ID Consultants Lower Mortality and Cost of Hospital Stay
Abstract & Commentary
By Carol A. Kemper, MD, FACP
Clinical Associate Professor of Medicine, Stanford University, Division of Infectious Diseases, Santa Clara Valley Medical Center.
Dr. Kemper does research for Abbott Laboratories and Merck.
This article originally appeared in the November 2013 issue of Infectious Disease Alert. It was edited by Stan Deresinski, MD, FACP, FIDSA, and peer reviewed by Timothy Jenkins, MD. Dr. Deresinki is Clinical Professor of Medicine, Stanford University, Associate Chief of Infectious Diseases, Santa Clara Valley Medical Center, and Dr. Jenkins is Assistant Professor of Medicine, University of Colorado, Denver Health Medical Center. Dr. Deresinski does research for the National Institutes of Health, and is an advisory board member and consultant for Merck, and Dr. Jenkins reports no financial relationships relevant to this field of study.
Source: Schmitt S, et al. Infectious disease specialty intervention is associated with decreased mortality and lower healthcare costs. Clin Infect Dis, 2013 Sep 25 [Epub ahead of print].
The most heavily curb-sided specialty may also be one of the more valuable, especially in an era of cost-consciousness, and focus on quality markers such as shorter stays and fewer 30-day readmissions. The impact of ID consultation on important markers, such as length of ICU stay, length of hospital stay, mortality, and frequency of 30-day readmission was assessed for patients admitted to an acute care hospital (ACH) with at least one of 11 specific infections between January 2008 and November 2009. These common infections were selected based on the ability to query fee-for-service Medicare claims based on DRG code (bacteremia, C. difficile infection, central line-associated bloodstream infection, bacterial endocarditis, HIV, meningitis, osteomyelitis, prosthetic joint infections, septic arthritis, septic shock, and vascular device infections).

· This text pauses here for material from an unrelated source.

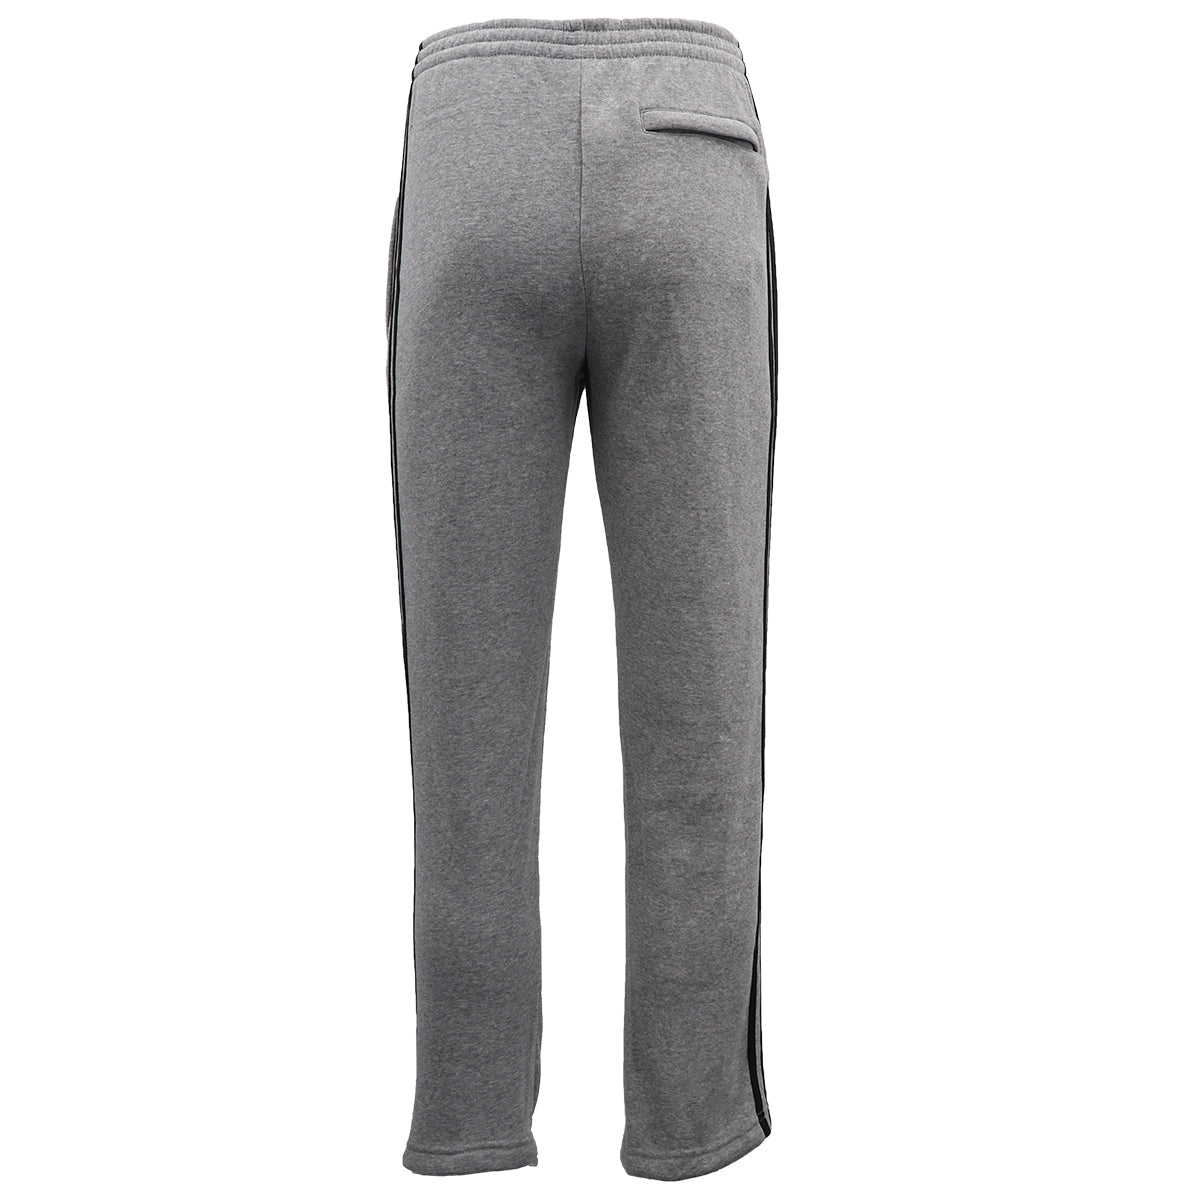 Men's Fleece Casual Sports Track Pants w Zip Pocket Striped Sweat Trousers S-6XL, Charcoal w Black Stripes, 6XL

A total of 101,991 ACH stays with ID consultation and 170,366 without ID involvement (59.8%) were examined. Patients with ID consultation generally had more than one infection, and were more likely to be male, they were younger, more likely to be admitted to ICU, and were more likely admitted to a teaching hospital compared to those without ID intervention. From this cohort, the authors selected a matched sample of ACH hospitalizations that involved ID intervention (61,680) and that did not involve ID intervention (65,102). Prior to adjusting for any risk factors, patients with ID intervention generally appeared more ill, had longer lengths of hospital stay, more days in ICU, but a lower index stay mortality.
After adjustment for risk factors, cases with ID involvement had statistically significantly lower rates of index stay (odds ratio, .89), lower rates of 30-day mortality (OR, .86), and lower rates of 30-day readmissions (OR, .96). In addition, stays with ID involvement within the first 2 days of hospitalization were associated with a significantly lower 30-day mortality (OR, .87) and readmission rate (OR, 0.92). Furthermore, those cases were associated with a 3.8% reduction in overall hospital stay, 5.1% fewer ICU days, and significantly lower cost of hospital charges, Medicare payments to ACH, and Medicare payments to all providers. These differences were small (on the order of 2.9% to 6.2%) but highly statistically significant.
In a multivariate analysis using case controls, involvement of an ID specialist in the care of patients admitted to ACH resulted in improved outcomes and a lower cost of care, especially when the ID consultant was involved early in the hospitalization.